Im Rahmen des Gesetzespakets zum Verteidigungshaushalt (NDAA) 2021 soll ein Gesetz verabschiedet werden, mit dem die Sanktionen verschärft werden. Nach diesem Gesetz (Peesca) sollen auch Unternehmen, die Schiffe für andere Aktivitäten im Zusammenhang mit Verlegearbeiten stellen, mit Strafen belegt werden. Dabei kann es sich etwa um das Ausheben von Gräben für die Pipeline handeln.

Auch Firmen, die betroffene Schiffe versichern oder ihnen ihre Hafenananlagen zur Verfügung stellen, drohen Sanktionen. Das gleiche gilt für Unternehmen, die Zertifizierungen für die Pipeline vornehmen, damit diese in Betrieb gehen kann.

Nach den bereits verhängten, aber auch nach den geplanten Sanktionen können gegen betroffene Personen Einreiseverbote in die USA verhängt werden. Etwaiger Besitz betroffener Personen oder Firmen in den Vereinigten Staaten kann eingefroren werden.

Der US-Regierungsvertreter betonte, Befürworter von Nord Stream 2 sollten sich keine Hoffnungen auf einen Regierungswechsel in Washington machen. Er verwies darauf, dass sowohl Peesa als auch Peesca parteiübergreifend unterstützt werden und verpflichtende Sanktionen vorsehen. "Das bedeutet, dass die Sanktionen unabhängig davon umgesetzt werden, wer im Oval Office sitzt."

Gegenwind zu dem Vorgehen in Washington gibt es aus der deutschen Politik. "Die Kraftmeierei und Sanktionsdrohungen von US-Regierungsvertretern sind im Ton und in der Sache vollkommen unangemessen", sagte der stellvertretende Vorsitzende der SPD-Bundestagsfraktion, Achim Post. "Über Deutschlands und Europas Energieversorgung wird nicht in Washington und auch nicht in Moskau entschieden, sondern in Berlin und Brüssel." Wichtig sei nun, möglichst frühzeitig mit der neuen US-Administration den Austausch zu suchen, um eine weitere Eskalation abzuwenden.

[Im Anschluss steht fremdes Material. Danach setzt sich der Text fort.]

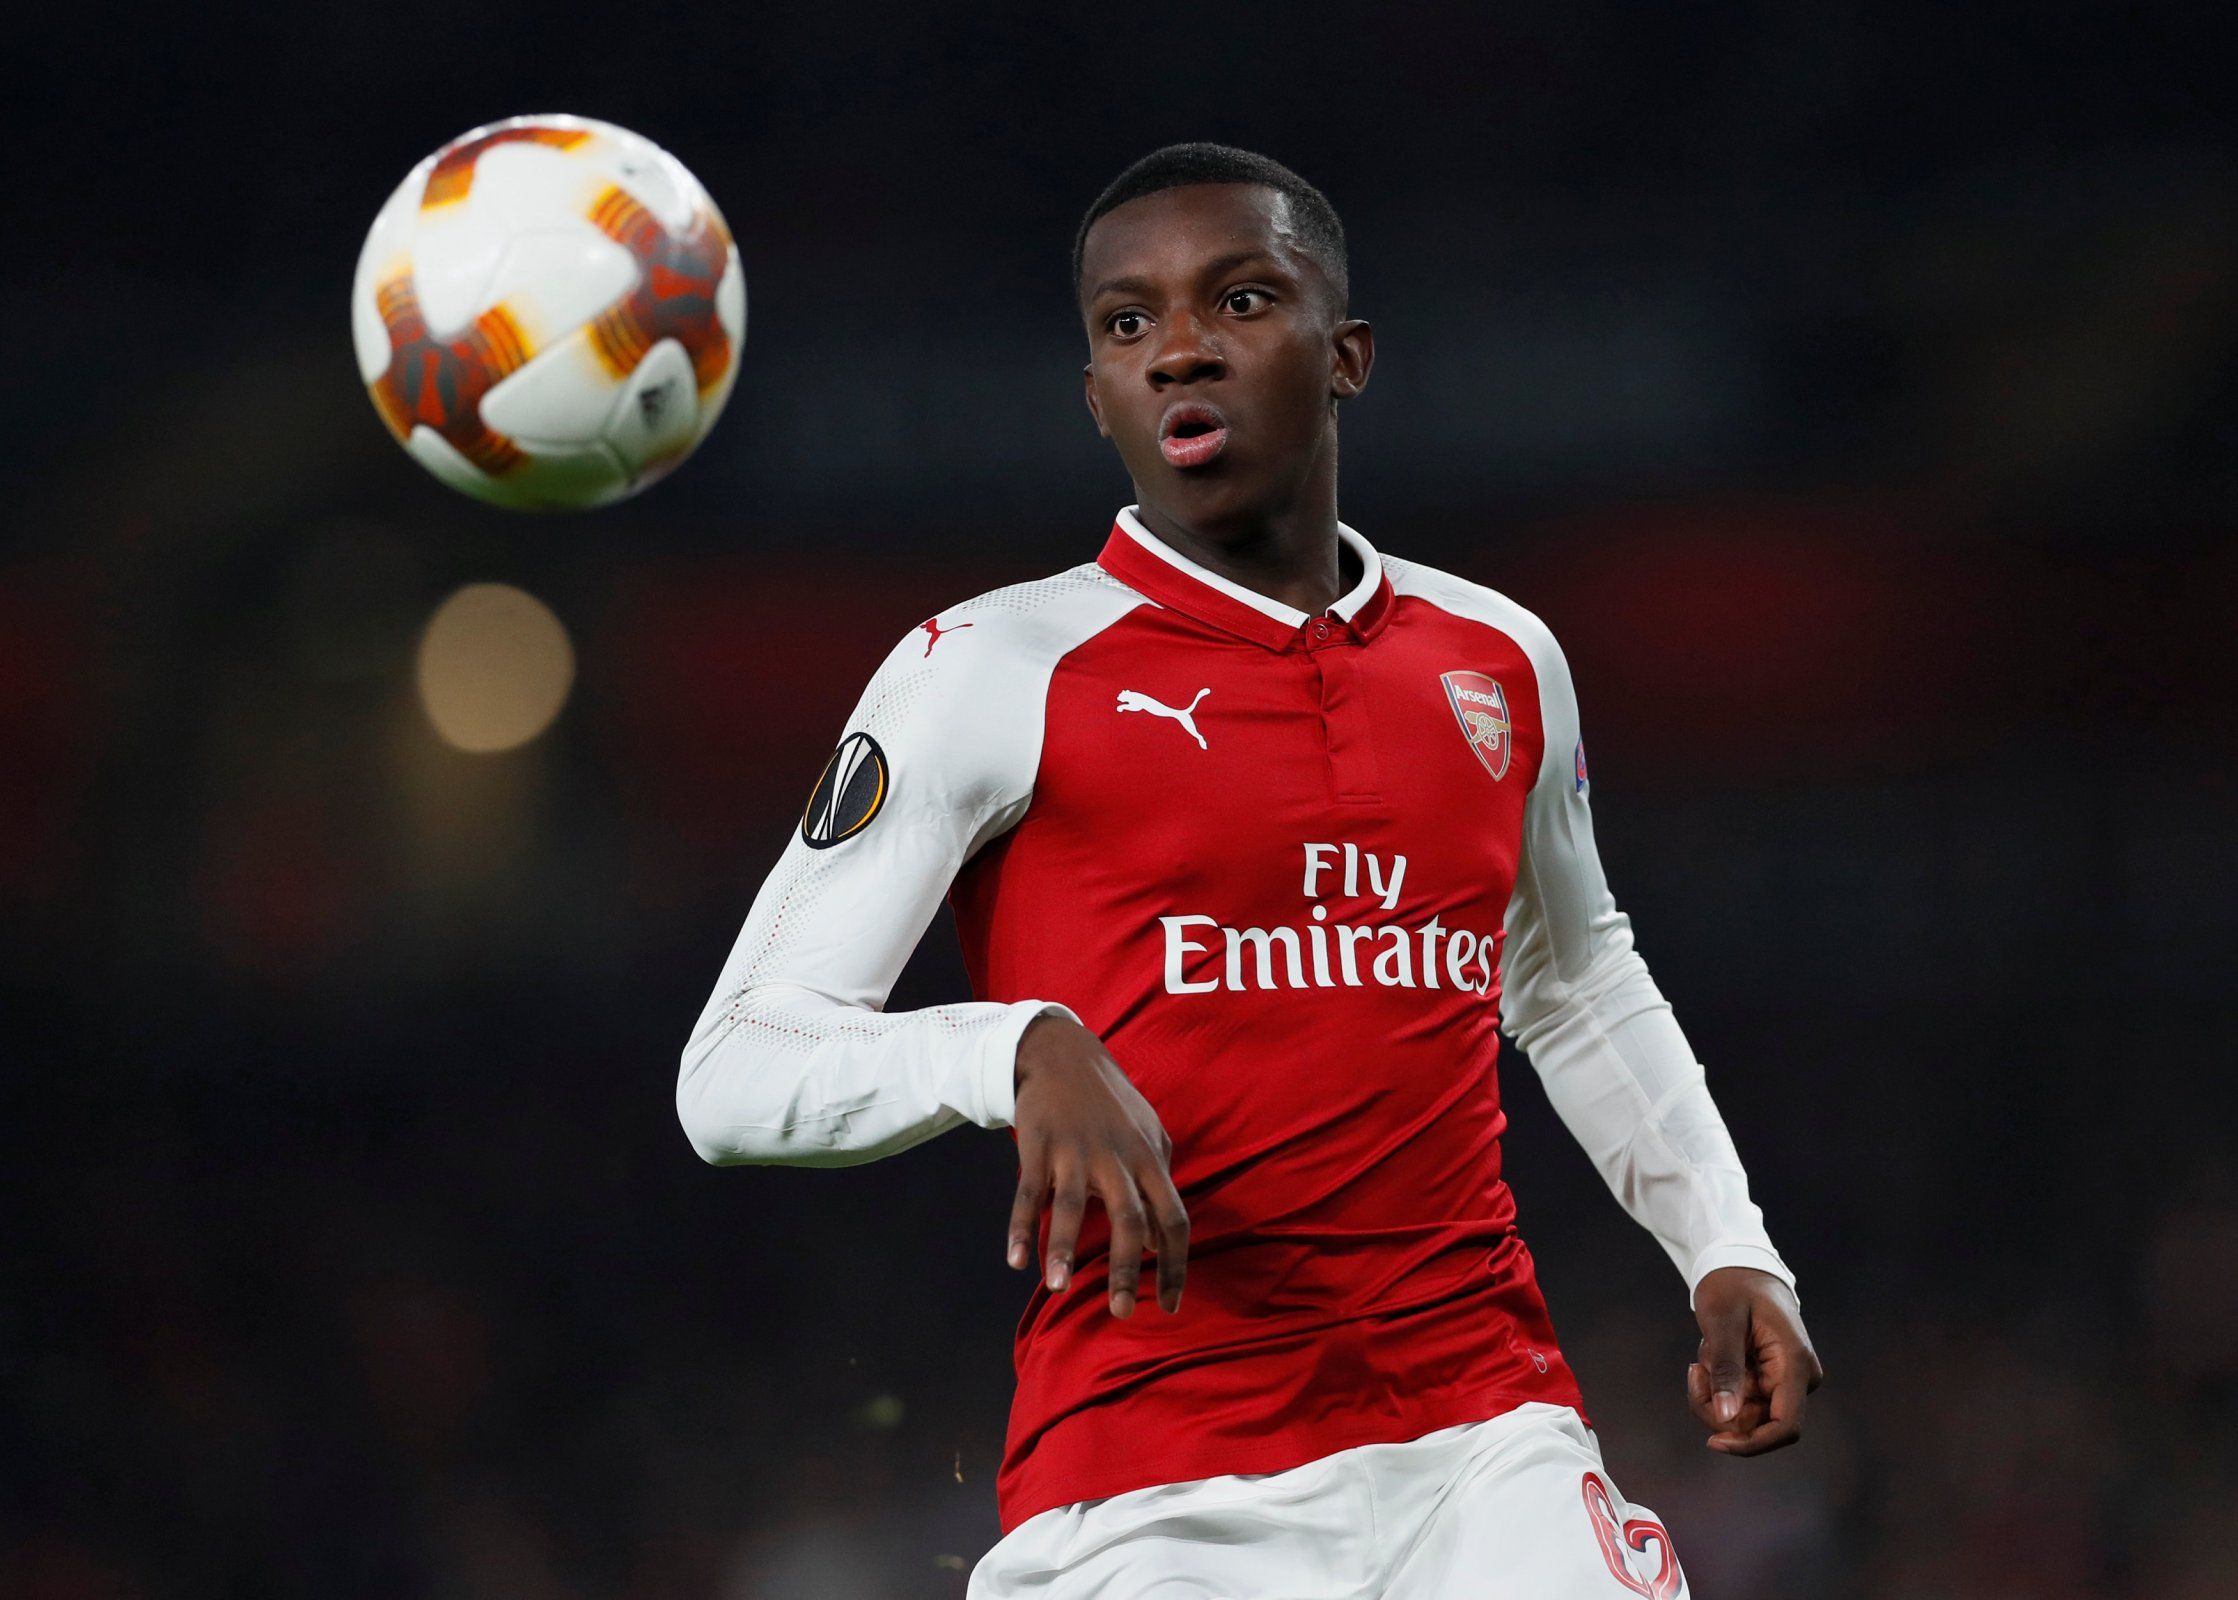 Eddie Nketiah in action for Arsenal

Am 20. Januar wird der neue US-Präsident vereidigt. Nach der Wahl am 3. November war der Demokrat Joe Biden zum Sieger ausgerufen worden. Trump weigert sich bislang, seine Niederlage einzugestehen. Trump ist ein erbitterter Gegner von Nord Stream 2. Auch Biden steht dem Projekt kritisch gegenüber. Noch in seiner früheren Rolle als US-Vizepräsident unter Barack Obama hatte Biden die Pipeline "einen fundamental schlechten Deal für Europa" genannt.

Unabhängig vom Kongress dehnte die US-Regierung im vergangenen Juli das Caatsa-Sanktionsgesetz ("Countering America's Adversaries through Sanctions") auf Nord Stream 2 aus. Es ermöglicht dem US-Präsidenten "in Koordinierung mit Verbündeten der Vereinigten Staaten" Sanktionen gegen Personen oder Unternehmen, die in russische Pipelines investieren oder zu deren Bau, Modernisierung oder Reparatur beitragen. US-Außenminister Mike Pompeo sprach damals von einer deutlichen Warnung an Unternehmen, die Beihilfe zu Projekten leisteten, die Russlands "bösartigen Einfluss" ausdehnten.